Configure the notebooks based on runtime information
Parameters
----------
unconfigured_notebooks
Unconfigured notebooks
config_bundle
Configuration bundle from which to take configuration values
step_name
Name of the step
step_config_id
Step config ID to use when configuring the notebook
Returns
-------
Configured notebooks
"""
uc_nbs_dict = {nb.notebook_path: nb for nb in unconfigured_notebooks}
config = config_bundle.config_hydrated
config_step = get_config_for_step_id(config=config, step=step_name, step_config_id=step_config_id)
configured_notebooks = [
ConfiguredNotebook(
unconfigured_notebook=uc_nbs_dict[Path("/to") / "somewhere"],
# Dependencies and targets can come from config, other functions,
# whatever.
dependencies=(),
targets=(),
configuration=(config_step.colourscheme,),
config_file=config_bundle.config_hydrated_path,
step_config_id=step_config_id,
),
]
return configured_notebooks
The last step is to put it altogether in a UnconfiguredNotebookBasedStep.
unconfigured_step = UnconfiguredNotebookBasedStep(
step_name="plot",
unconfigured_notebooks=[unconfigured],
configure_notebooks=configure_notebooks,
)
This unconfigured step is now ready to be configured at run time.
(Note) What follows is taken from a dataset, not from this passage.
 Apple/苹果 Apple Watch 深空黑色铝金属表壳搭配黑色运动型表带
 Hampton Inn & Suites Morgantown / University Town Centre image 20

An example of this is below.
config_hydrated = Config(plot=[PlotConfig(step_config_id="blue", colourscheme="tab:blue")])
# This is normally hydrated based on run-time variables.
# Providing a complete working project is in our to-do list.
# In the meantime, see `tests/test-data/example-project`.
config_bundle = ConfigBundle(
config_hydrated=config_hydrated,
run_id="notebook_example",
root_dir_output_run=Path("/to") / "output" / "directory",
config_hydrated_path=Path("/to")
/ "output"
/ "directory"
/ "location-in-which-to-write-config-for-the-run.yaml",
)
notebook_tasks_generator = unconfigured_step.gen_notebook_tasks(
config_bundle=config_bundle,
root_dir_raw_notebooks=Path("notebooks"),
converter=pydoit_nb.serialization.converter_yaml,
# a pre-configured option, you can obviously make your own too
)
notebook_tasks_generator
<generator object UnconfiguredNotebookBasedStep.gen_notebook_tasks at 0x7f28b2b30040>
The result is a generator, so we have to empty it to see what it actually does.
for task in notebook_tasks_generator:
print(f"Task base name: {task['basename']}")
print(f"Task name: {task['name']}")
print(task)
print()
Task base name: (/to/somewhere) Great notebook that does something
Task name: None
{'basename': '(/to/somewhere) Great notebook that does something', 'name': None, 'doc': 'More details can go here'}
Task base name: (/to/somewhere) Great notebook that does something
Task name: blue
{'basename': '(/to/somewhere) Great notebook that does something', 'name': 'blue', 'doc': "More details can go here. step_config_id='blue'", 'actions': [(<function run_notebook at 0x7f28b2e3c860>, [], {'raw_notebook': PosixPath('/to/somewhere.py'), 'unexecuted_notebook': PosixPath('/to/output/directory/notebooks-executed/plot/blue/somewhere_unexecuted.ipynb'), 'executed_notebook': PosixPath('/to/output/directory/notebooks-executed/plot/blue/somewhere.ipynb'), 'notebook_parameters': {'config_file': '/to/output/directory/location-in-which-to-write-config-for-the-run.yaml', 'step_config_id': 'blue'}})], 'targets': (), 'file_dep': [PosixPath('/to/somewhere.py')], 'clean': True, 'uptodate': (<doit.tools.config_changed object at 0x7f28dc44ab50>,)}
The return value is a list of tasks which can be passed straight to pydoit.